The political calculus of that is this: 85% have health insurance; the vast majority of those are happy (or happy enough) with their insurance; 15% do not have insurance, approx. 40% of those by choice (what we call the "young immortals"), another 25% are illegal immigrants and the remaining 25% want coverage but cannot get it due to unemployment, pre-existing conditions, or cost (most of the uninsured would get coverage in the individual, rather than group, market), and about 10% are, unbelievably, qualified for Medicaid or Healthy Families (SCHIP) but will not enroll, for whatever reason). So, how many Blue Dogs, who want to be in Congress more than they want universal coverage, vote to increase costs, taxes, deficits/debt and wait times for the 85% who are covered to extend coverage to the 15% who are not? My own guess is, not enough will vote to do so, but I've been wrong before.
i have just had a brief time 'between health care." i had one simple (so I thought) need for medical help with an infection. i just needed some antibiotics for an infection - i've had the infection before...

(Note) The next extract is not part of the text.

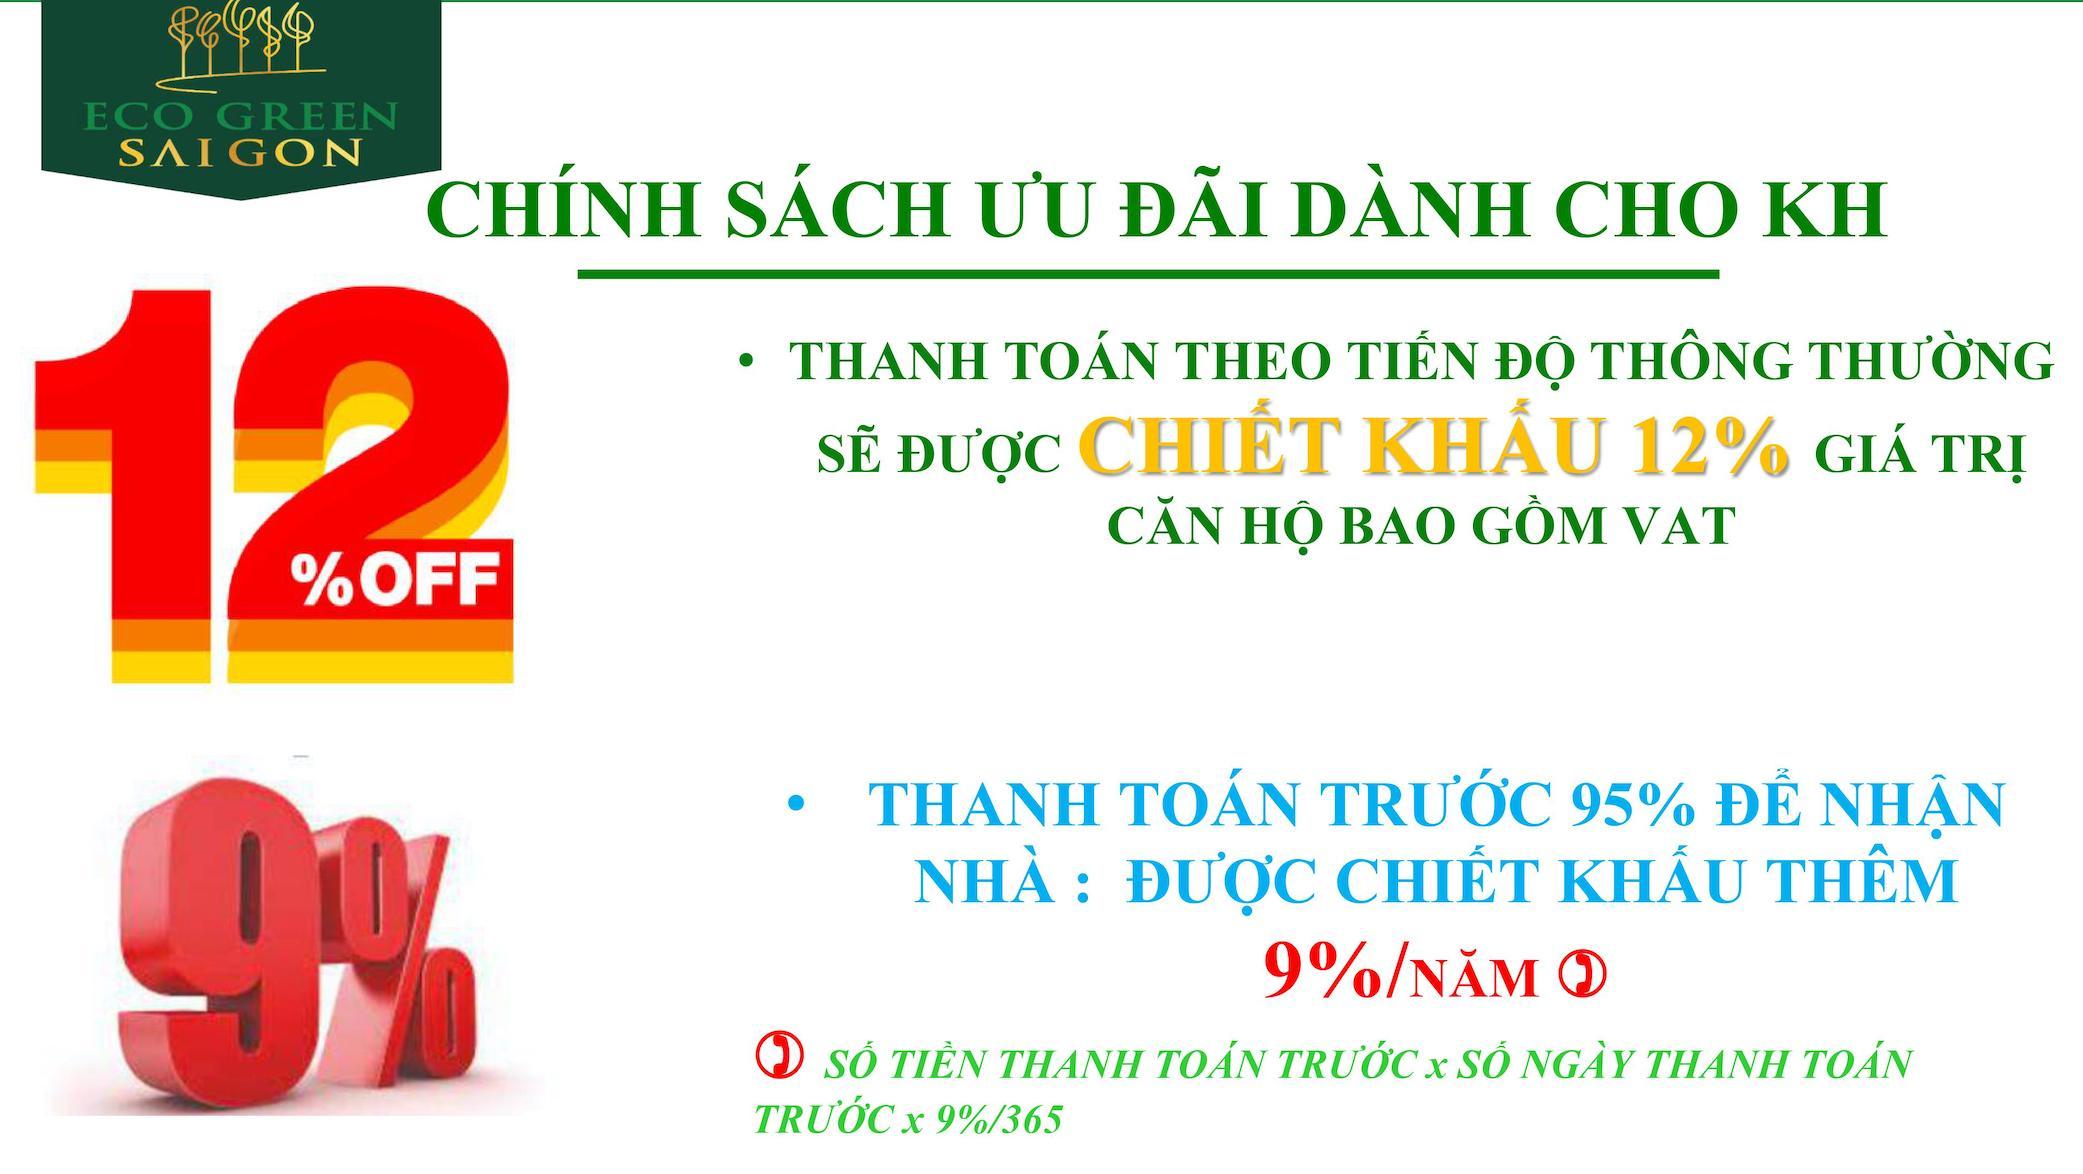 pttt-tien-do-eco-green-sai-gon

i clearly told the receptionist, the PA and the doctor that i was paying for this our of pocket and didn't want anything done or tested that wasn't absolutely necessary. i left the office with a prescription after seeing the doctor, peeing in a cup and paying $195.00 for a visit and lab test.

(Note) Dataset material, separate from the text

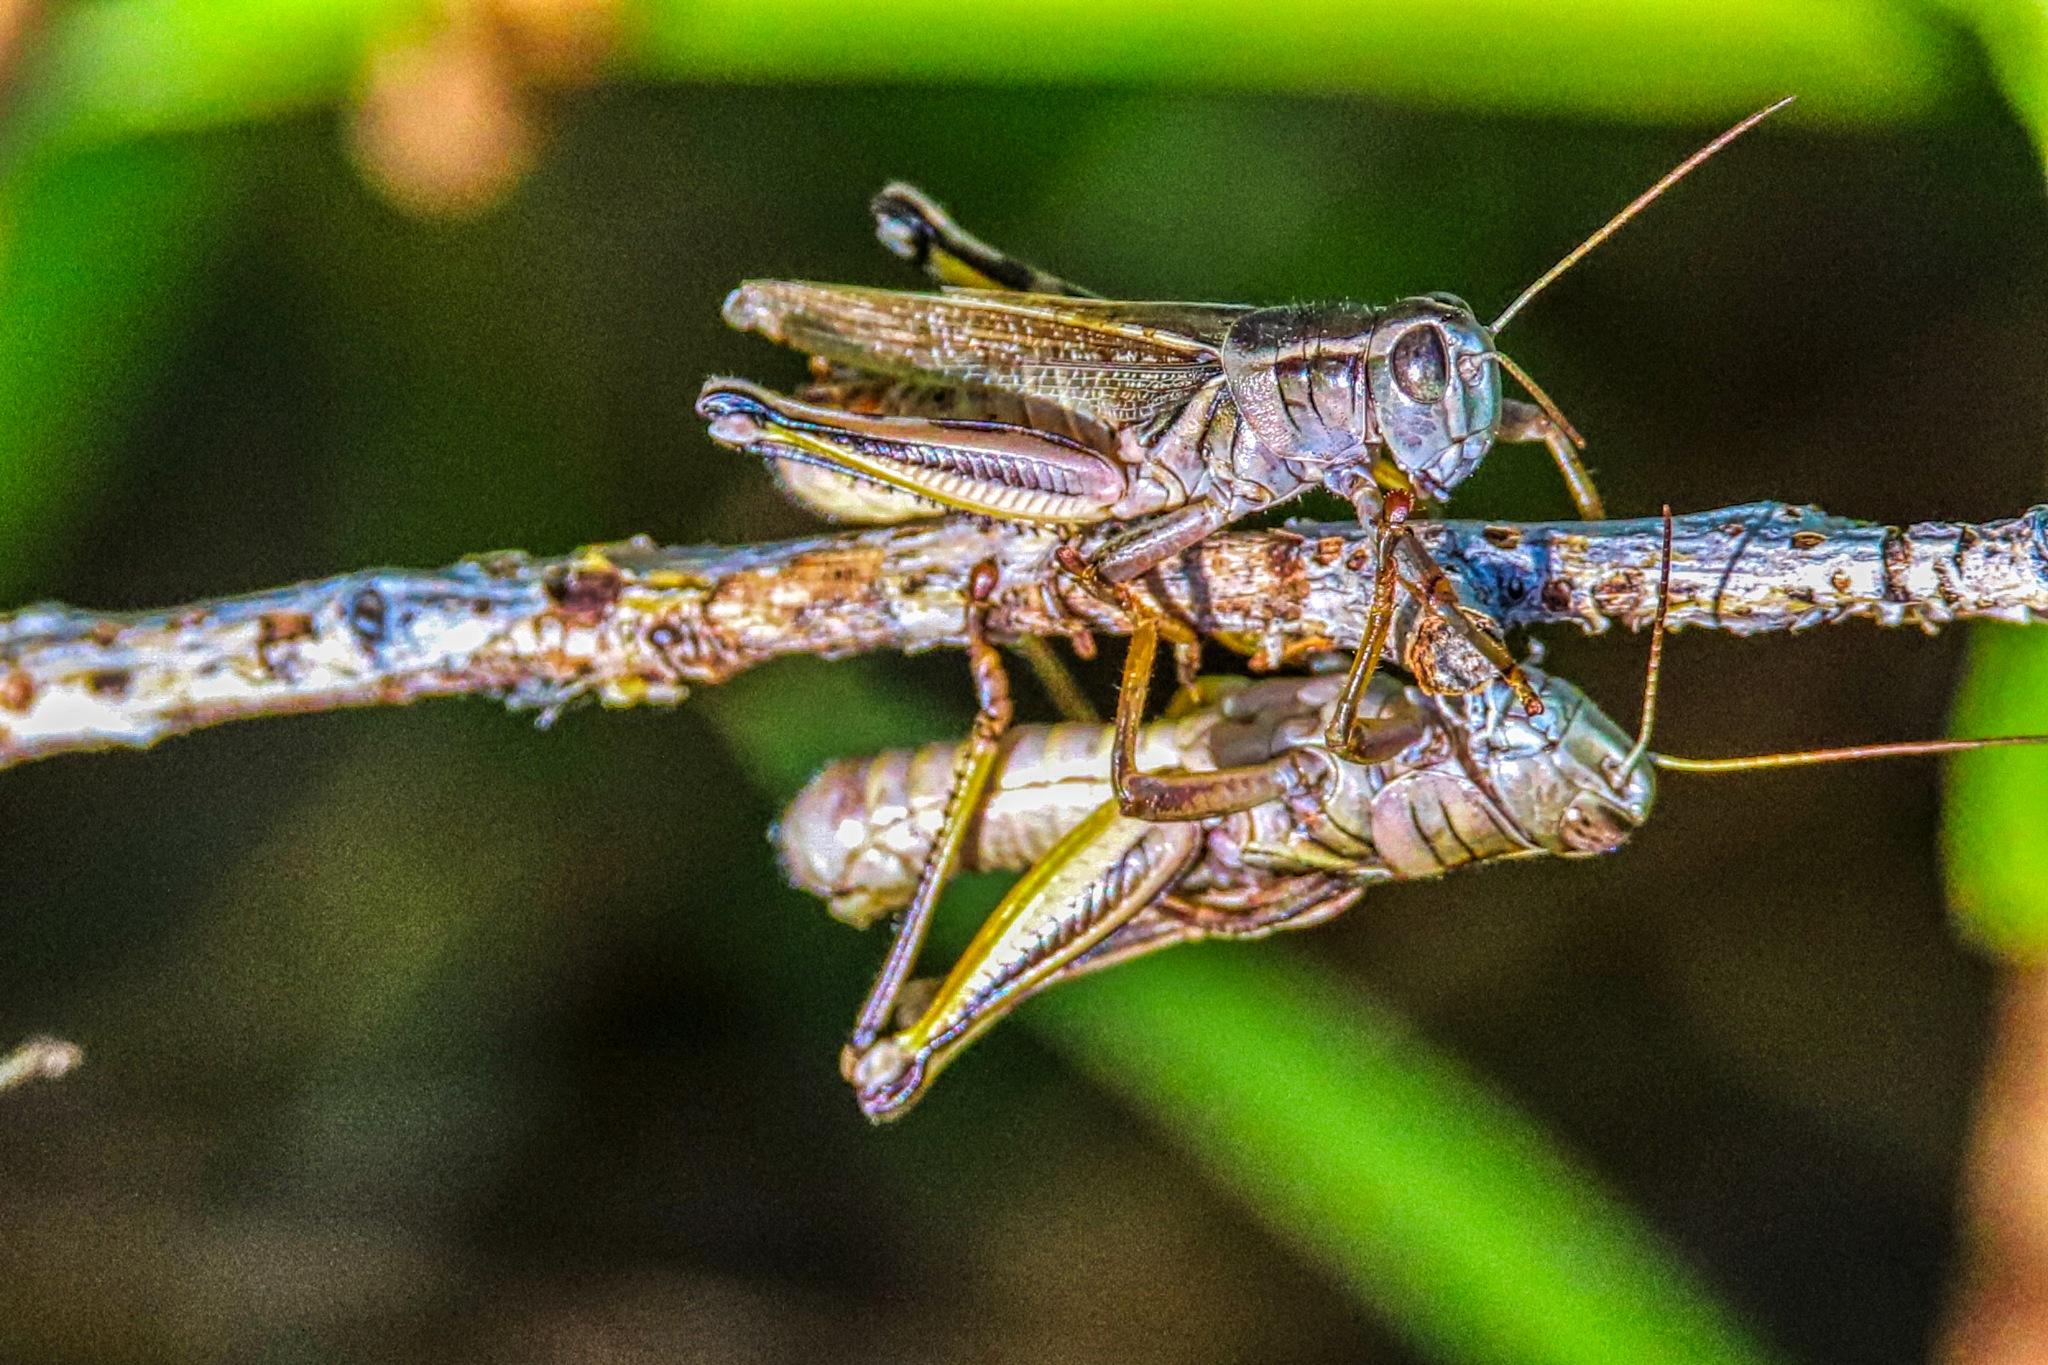 Grasshoppers by James Stewart

not bad, until i started getting bills from the doctors office, and Lab Service companies for over $540.00. WTF!? Then my previous insurance carrier notified me that these same bills had been submitted and denied by them
yes. we have a problem...
here from NetChick tonight...
Your points are duly noted and although I do not necessarily agree on all counts, I'll go this far: Either the government should go all in (i.e. single payer) or stay out of the business directly. At my core, I like less government, but in this case I don't believe the current system is capable of competent self-regulation, as my personal experience shows. And whether or not single-payer is feasible is a moot point - it will never fly. I do not necessarily accept the premise that a "public option" will force private insurers out of business, however, it would definitely have an effect - probably a negative one.
What I do want to see is this kind of discussion occurring in Washington. It's not and there is plenty of blame to go around, not the least of which belongs to the news media. I think there are ways to get the uninsured insured (and I do think that is important) and to reign in the complexity designed by the insurance companies to baffle the consumer. I am talking about reform and I don't want to see what is another opportunity to secure meaningful change squandered once again because the two sides can't play nice.

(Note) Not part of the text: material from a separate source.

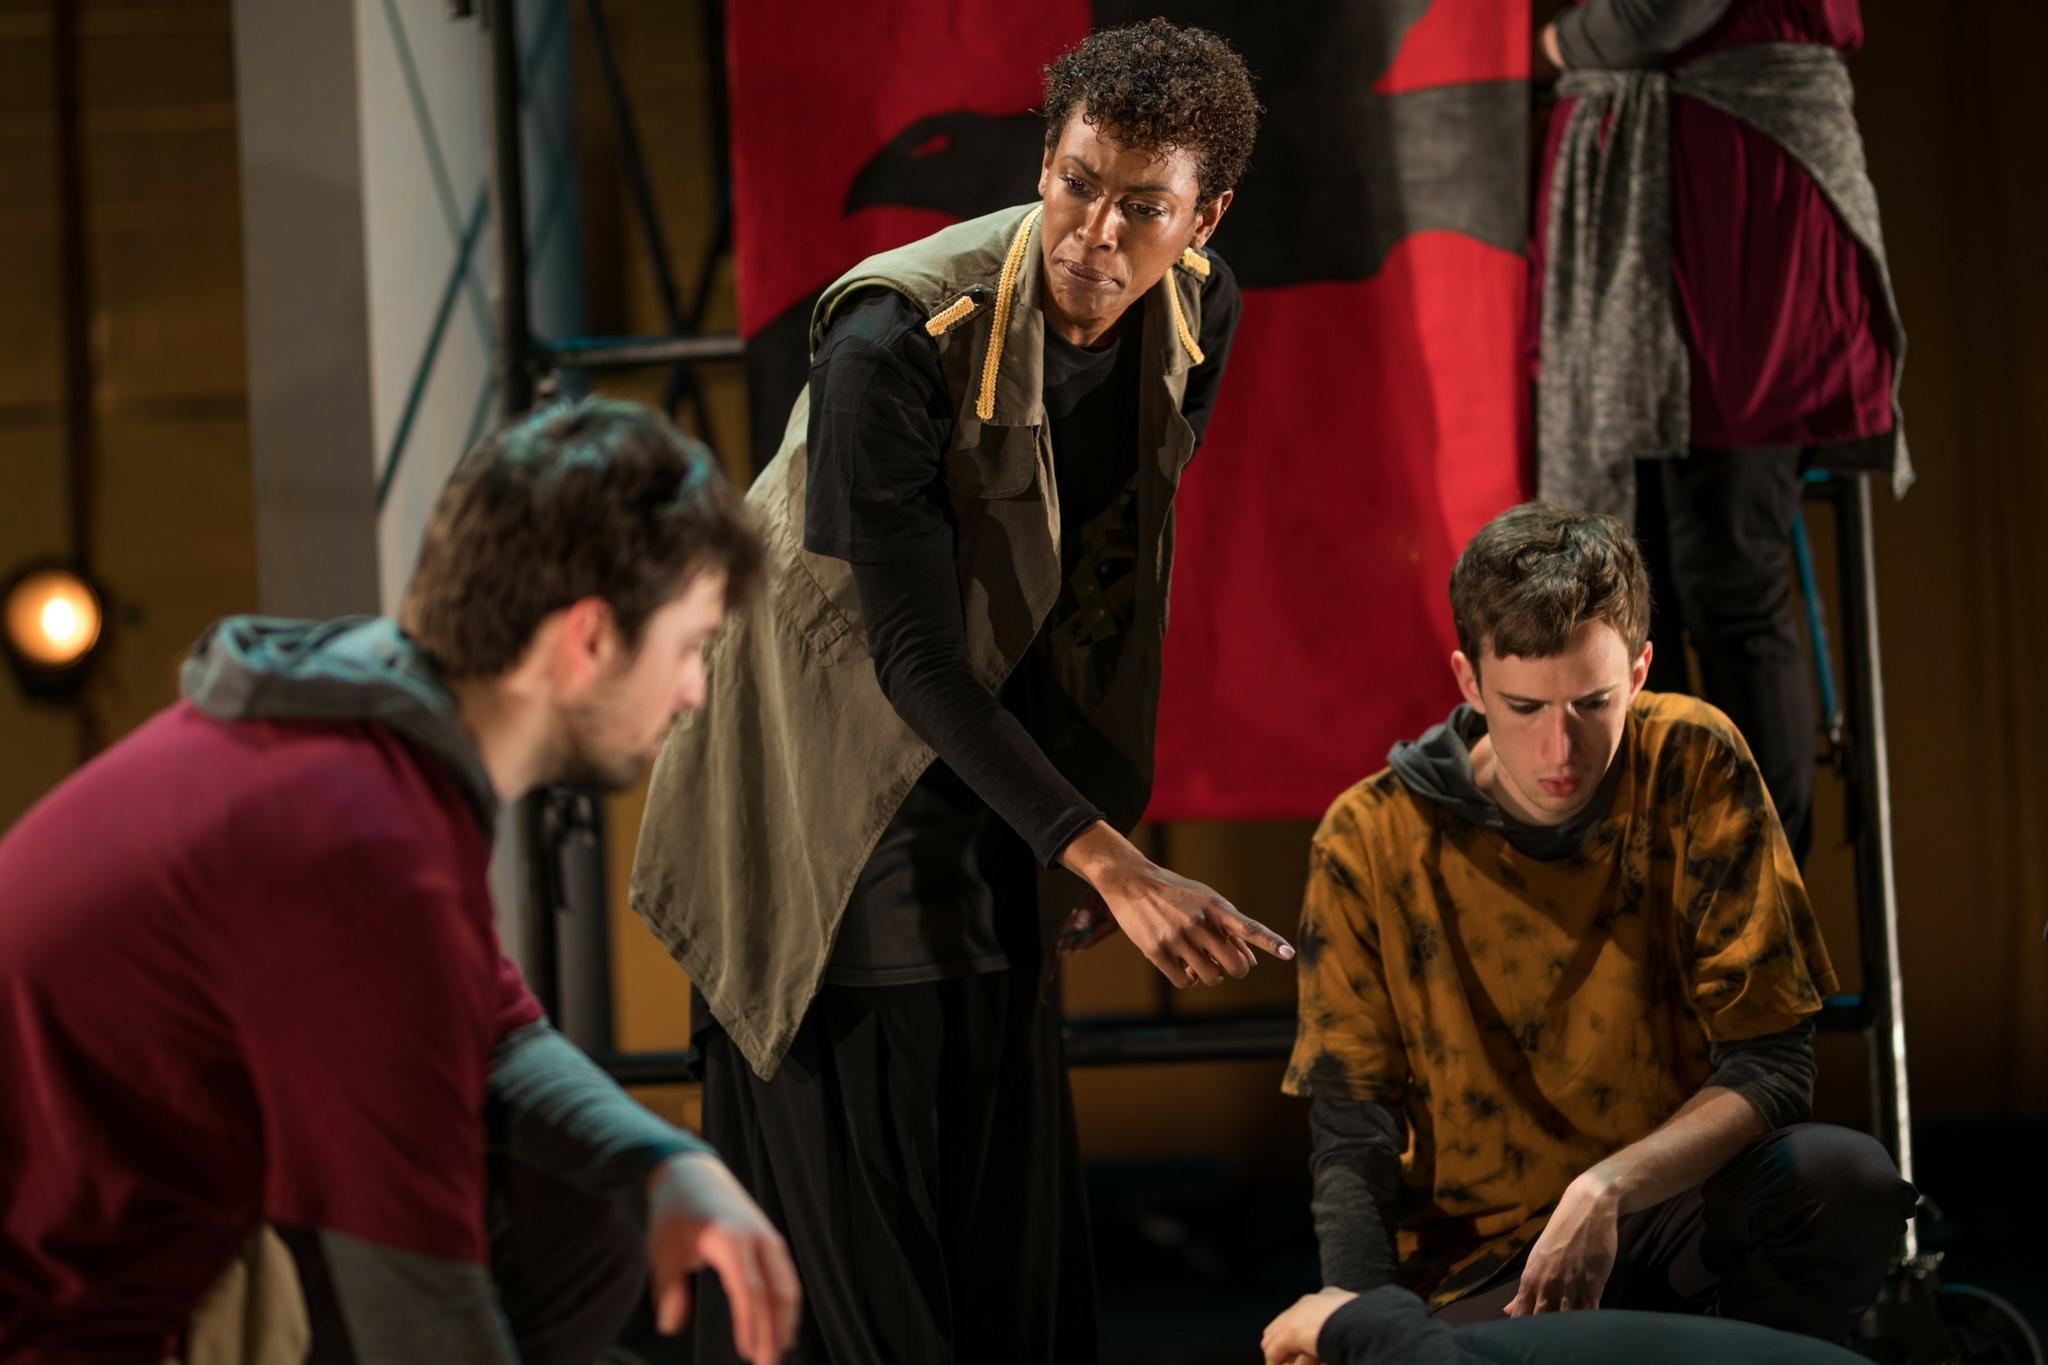 Alex Deroo (Metellus), Kaci Hamilton (Mark Antony), and Keith Hale (Caska) in Julius Caesar, CSC2, 2017-Photo by Nile Hawver

It speaks to the extreme polarization that has brought government to a grinding halt in so many areas. Just look at the tax codes - another area where what should be a simple process has grown so complex only an expert can understand it. And that is a creation of our government - with the help, of course, of special interests. Something needs to be done and dwelling on the hyperbolic and the fallacious is only going to keep the current system in place - a victory for some to be sure.
Unfortunately there are far too many of "them" and, apparently too few of "us."